Locke:
How are you feeling?
Eris:
Better. Still on edge.
Locke:
Then you’re paying attention. Good.
That doesn’t sit right, though I can’t quite articulate why. I mean, I’m always paying attention. I have to… Between my job, cartel ties, and life in Crimson Bay, one shouldn’t turn their back on strangers unless they’re willing to take a knife to the spine.
Eris:
That’s not exactly comforting.
Locke:
It wasn’t meant to be.
My thumb hovers above the screen for a moment as realization smacks me in the face.
Eris:
You sound different.
Locke:
I’m always the same. Maybe you’re hearing me better now.
I start to ask why it’s gaslighting me, but I stop typing. The back of my neck prickles, and the cafe suddenly feels too bright as I glance around at all the unknown faces.
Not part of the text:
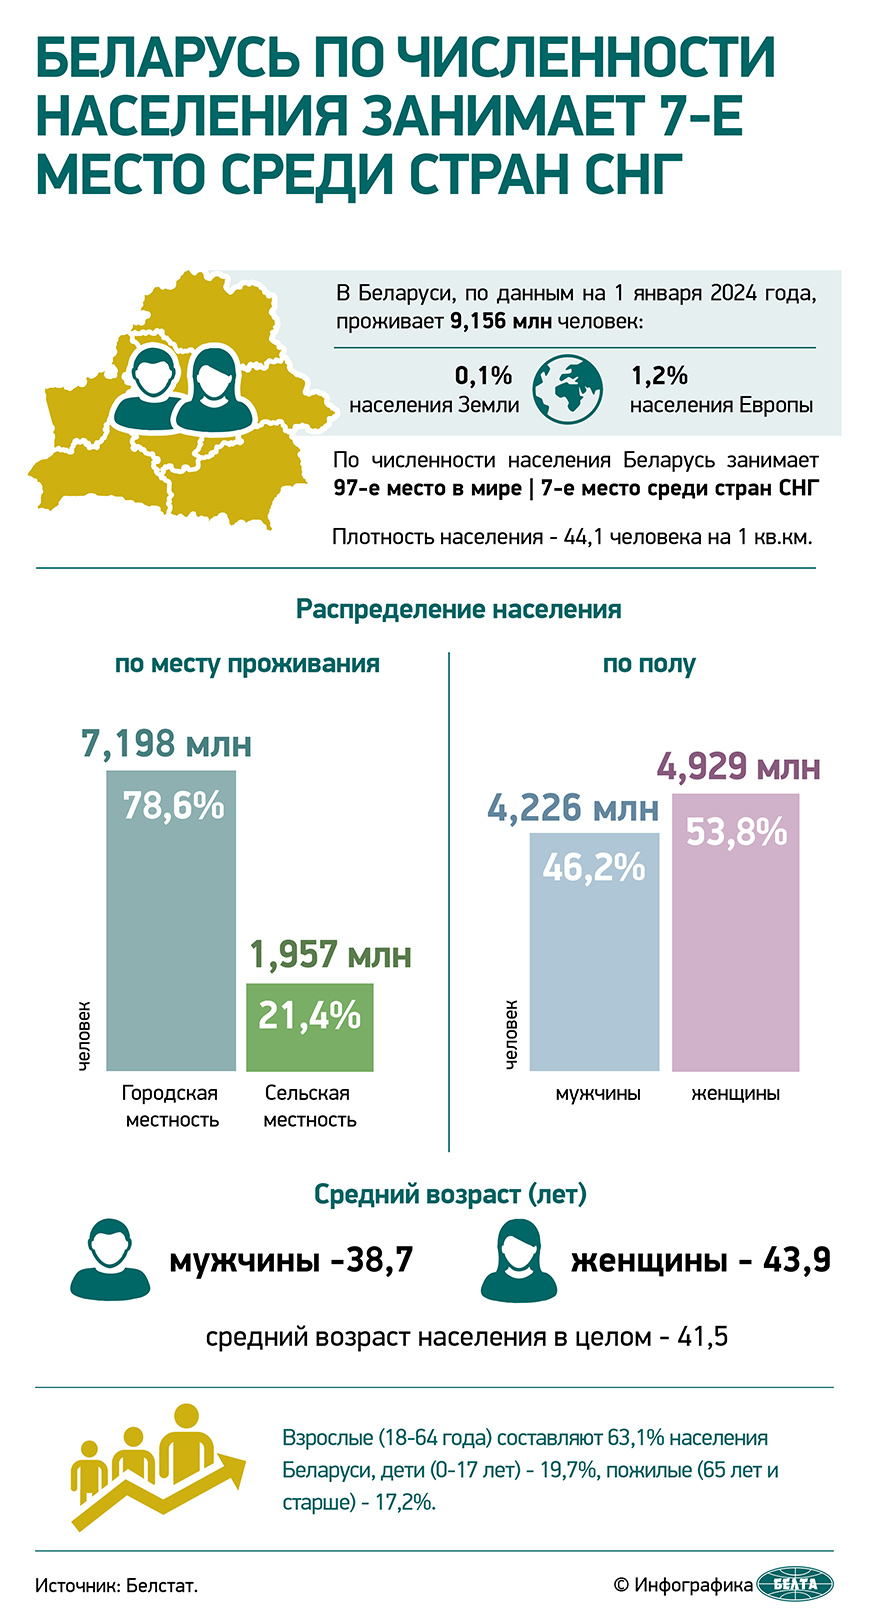 Беларусь по численности населения занимает 7-е место среди стран СНГ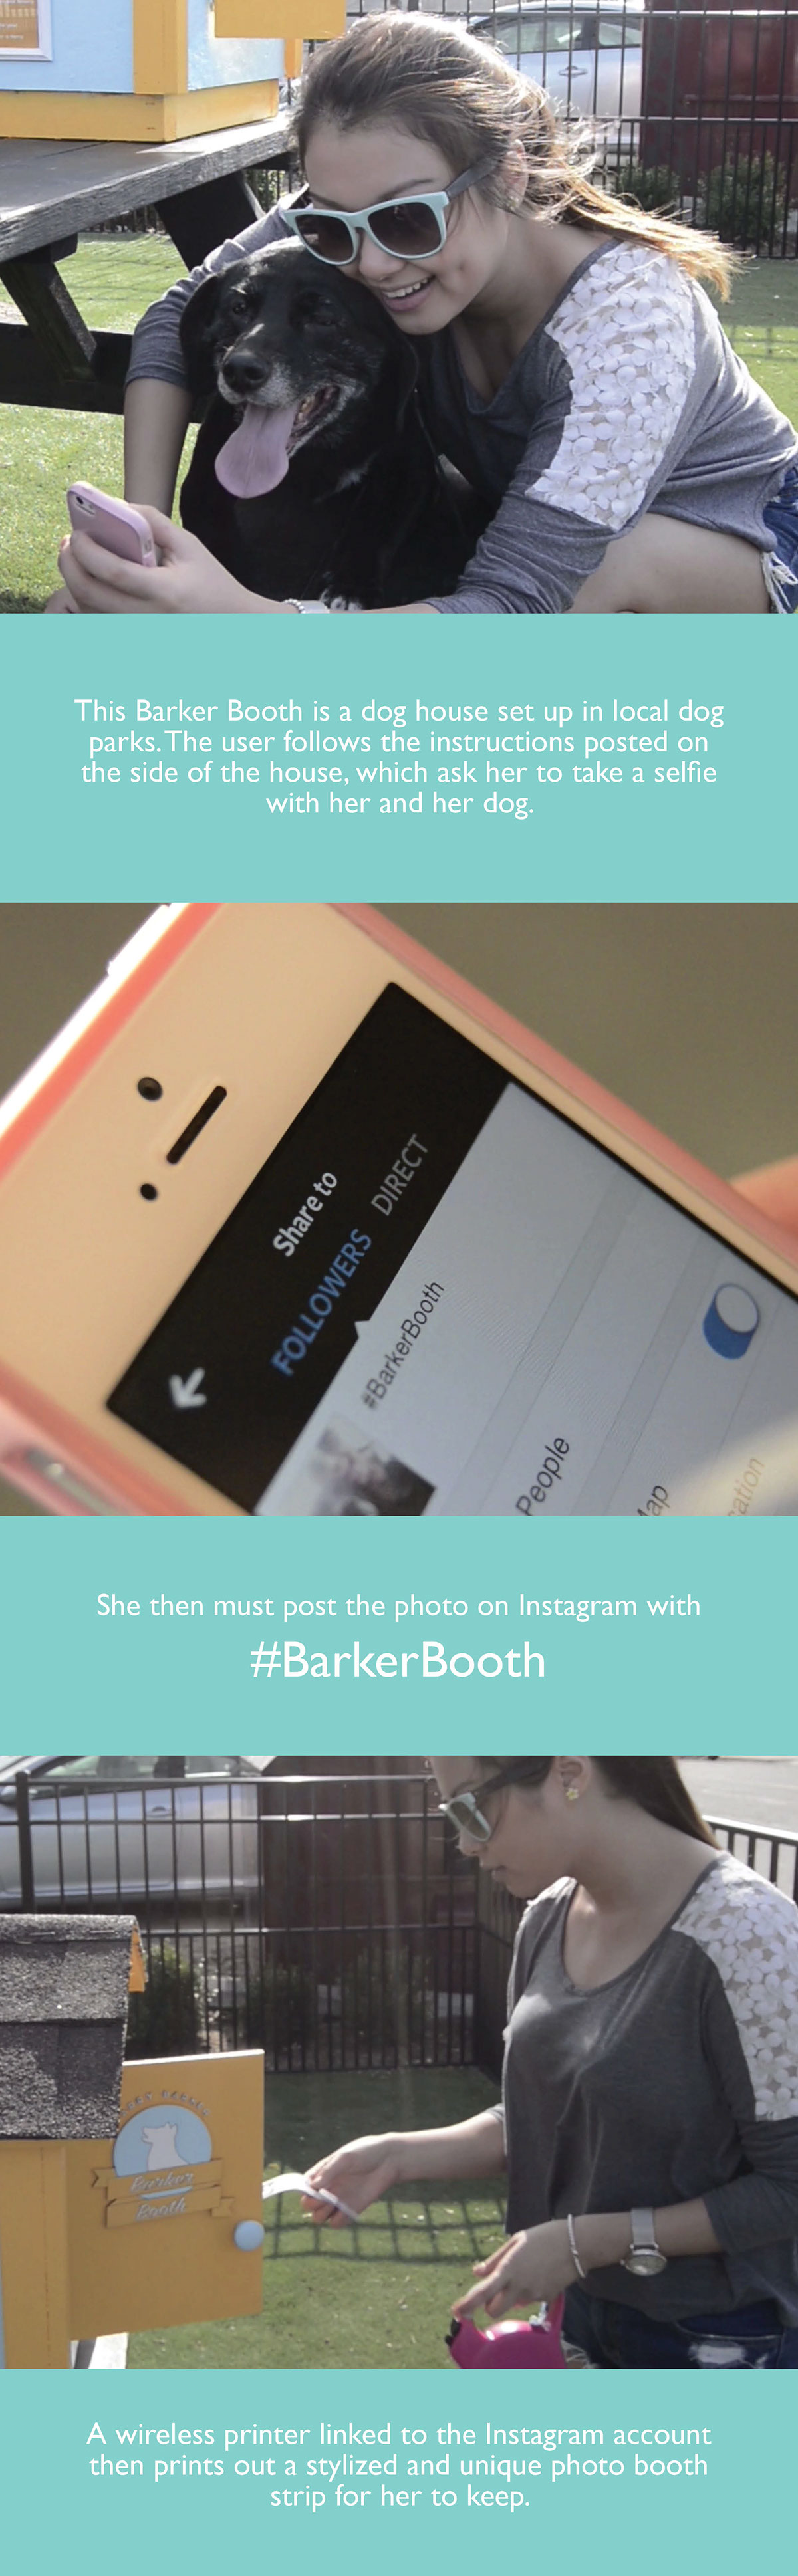 harry barker social barker digital campaign

Another sound from my phone pulls me back to the moment. Different tone, different app… One I didn’t download.
It’s a forced install.
And a new push notification.
Motion detected:Front Door Camera 1.
I frown.
What the actual fuck?
I don’t have a front door camera.
Not unless…
I tap the notification. The feed opens into a brand new security suite. Not the system I built myself, piggybacking onto the building network months ago.
I know every hallway in my apartment complex, every blind spot.
But this?
This work isn’t mine.
Dots spiral on my screen, loading an image. My empty apartment hallway. High-resolution. Time-stamped… And angled right at my front door.